5.Align your eating pattern with daylight — Your metabolism follows daily, consistent rhythms tied to daylight, and irregular eating habits can disrupt your body clock. Try to have your main meals earlier in the day and finish dinner at least three hours before going to sleep.
6.Incorporate mindfulness practices — Your circadian rhythm is tightly linked to how your body handles stress. Techniques such as meditation, yoga, breathwork, or other mindful practices help calm the stress-response system, making it easier for your internal clock to stay in sync.
Frequently Asked Questions (FAQs) About the Connection Between Melatonin and Heart Failure
Q: Does long-term melatonin use actually increase the risk of heart failure?
A: In a preliminary study by the American Heart Association (AHA), researchers linked long-term melatonin use to a higher rate of heart failure diagnoses, hospitalizations, and all-cause mortality.
However, the data only tracked melatonin recorded in medical records. This means almost all over the counter melatonin users in the U.S. were labeled as “nonusers,” making the comparison deeply flawed. Researchers also lacked information about insomnia severity, psychiatric conditions, alcohol intake, other sleep drugs, or lifestyle factors — all of which directly influence heart risk.
Q: Why did the study show such alarming numbers if melatonin itself isn’t the problem?
A: The study’s “melatonin users” were not typical healthy supplement users. They were individuals whose melatonin use appeared in medical records, meaning they were sicker, more medicated, and more likely to be treated for complex conditions. This skewed the data, which reflected a high-risk population, not a harmful supplement.
Q: Did the mainstream media accurately report the AHA findings?
A: No. The press release clearly stated the data was “preliminary” and not peer-reviewed, but major news outlets reported it as definitive proof that melatonin causes heart failure. GreenMedInfo founder Sayer Ji highlighted that media outlets copied the AHA talking points without evaluating the study’s limitations. This created an echo chamber of fear-driven headlines despite the study’s weak design and major data gaps.

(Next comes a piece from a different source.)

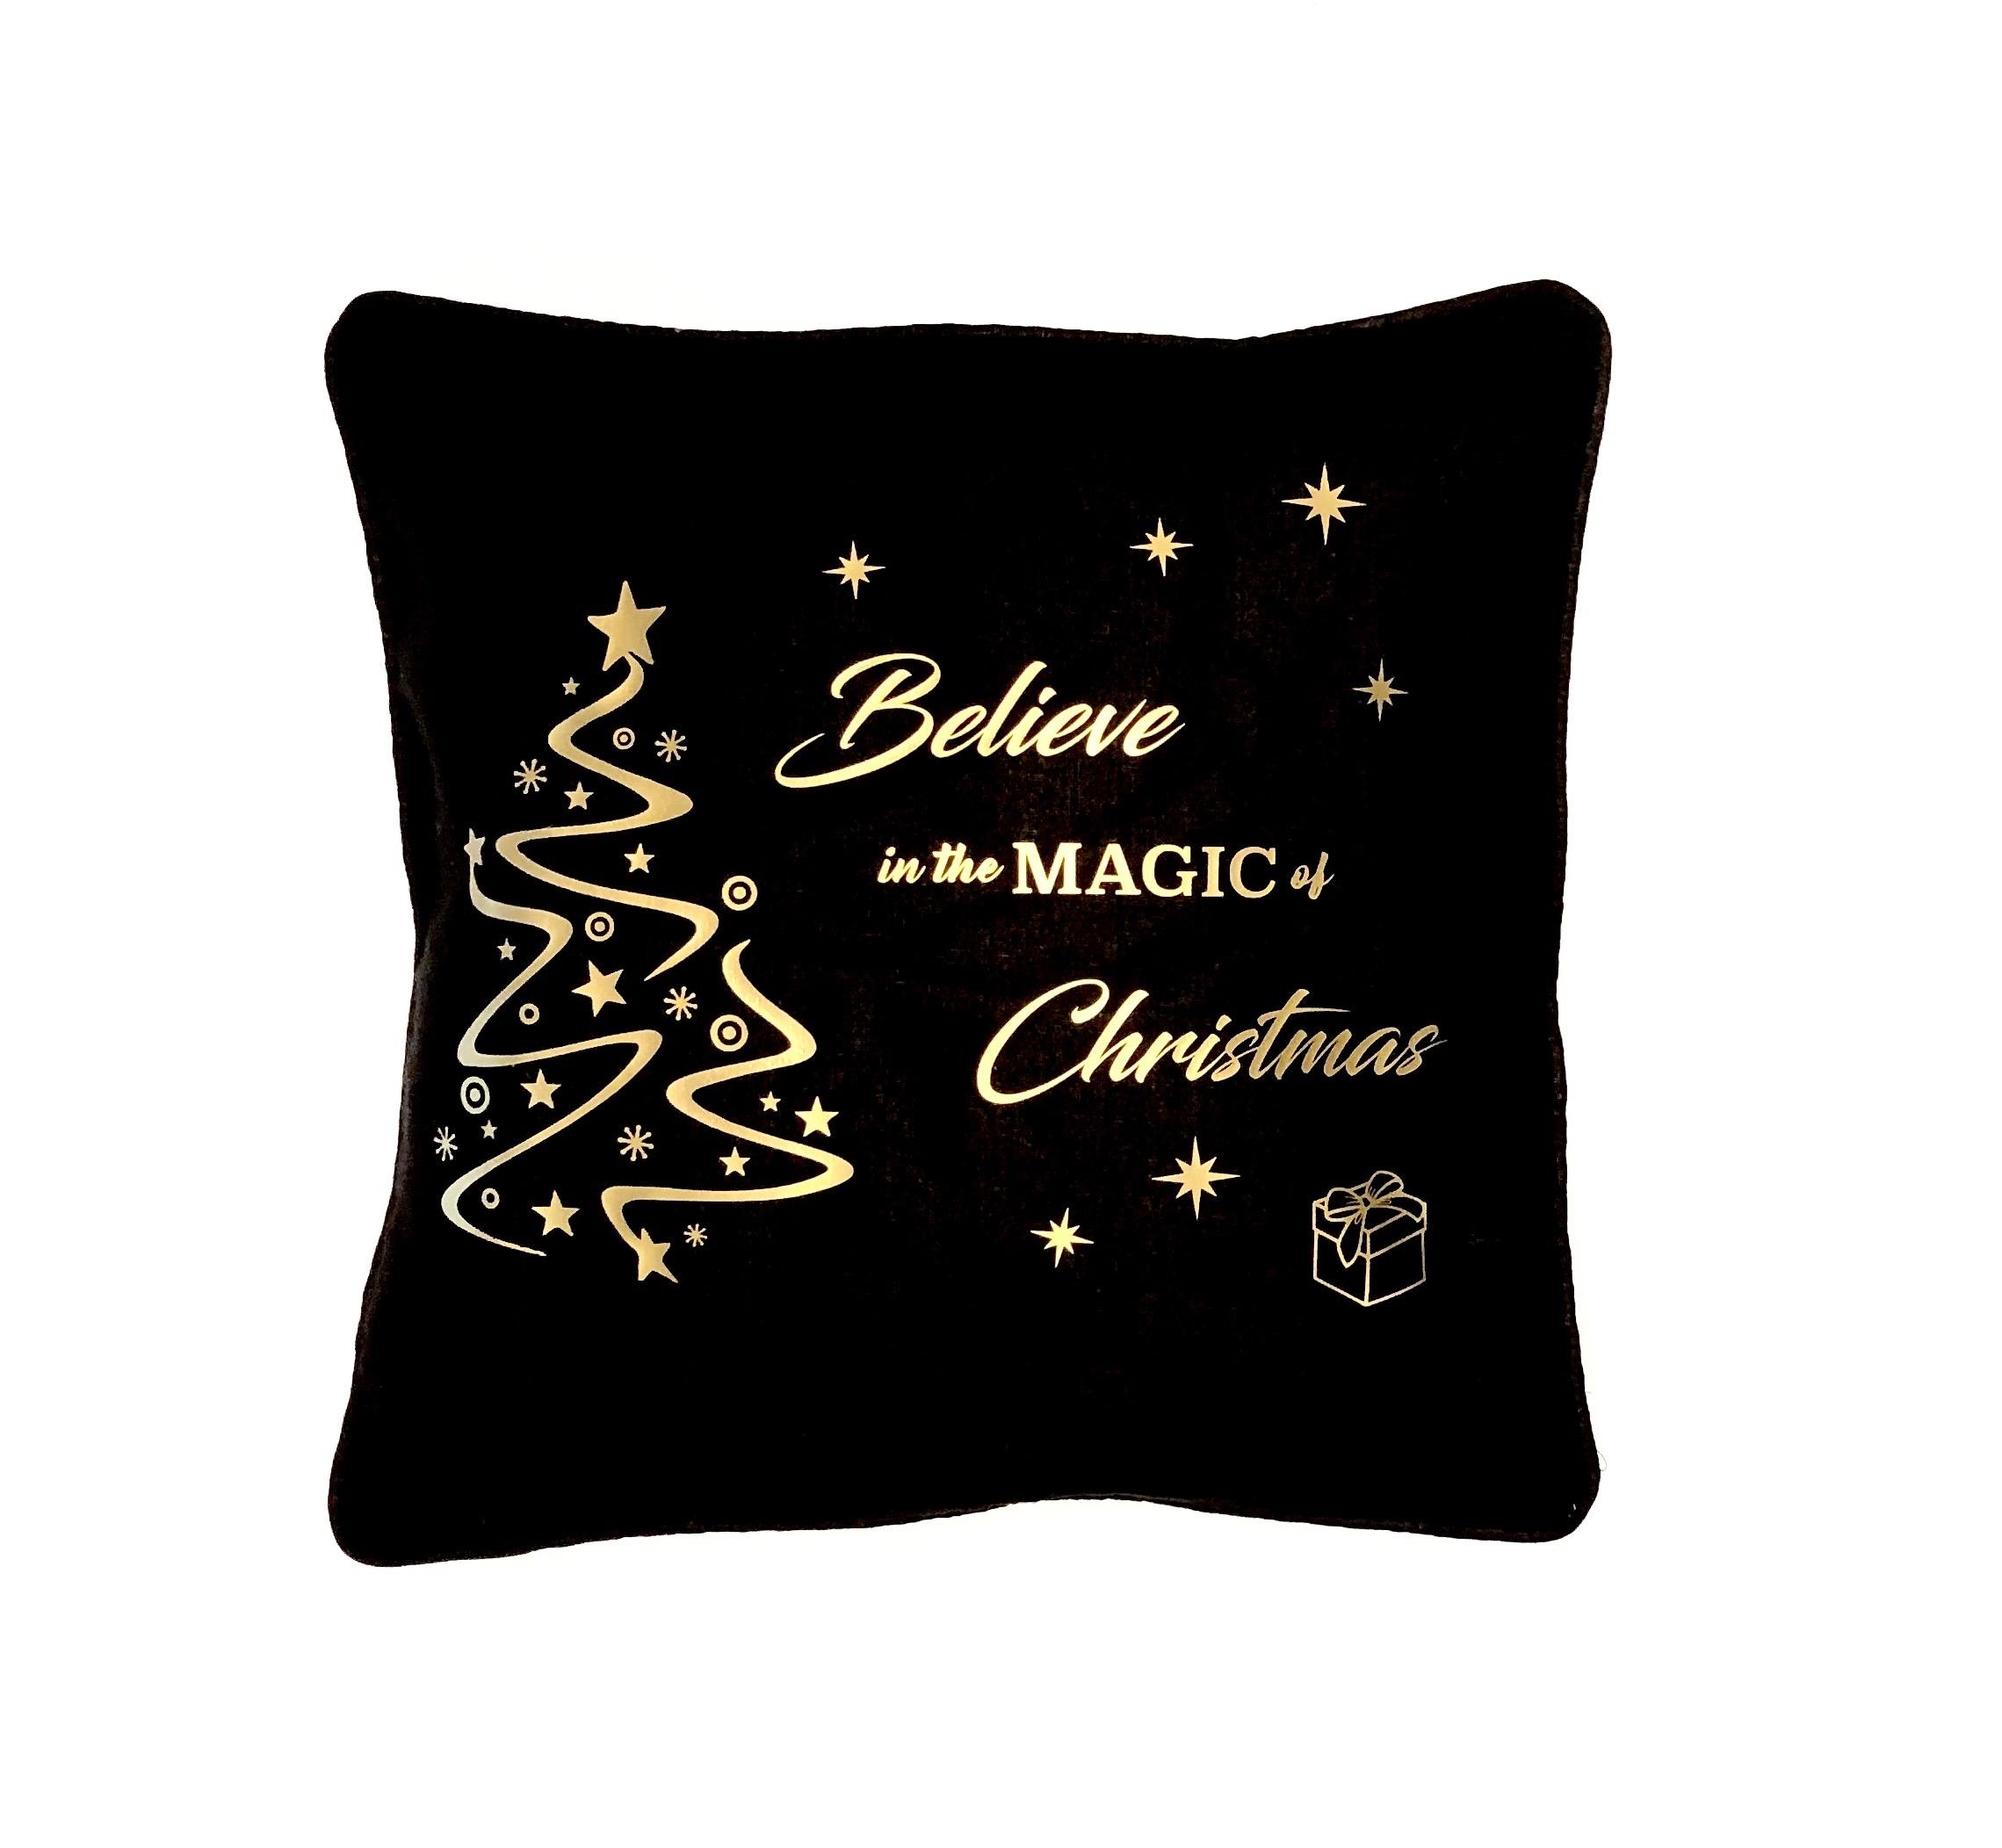 Kerstdecoratie | Kussensloop 'Believe' zwart/goud

Q: What important details did the AHA study fail to include?
A: The dataset did not track melatonin dose or timing, so a person taking 1 mg occasionally was treated the same as someone taking 10 mg nightly for years. It also did not adjust for common sleep drugs (like Ambien, Lunesta, and trazodone), statins, SSRIs, or blood pressure medications — all of which influence heart function. Hospitalization counts were inflated due to broad diagnostic coding, further distorting results.
Q: Is melatonin actually harmful to the heart?
A: The broader scientific evidence does not support that conclusion. Decades of research show melatonin lowers blood pressure, protects mitochondria, reduces oxidative damage, improves endothelial function, and supports recovery after cardiac injury.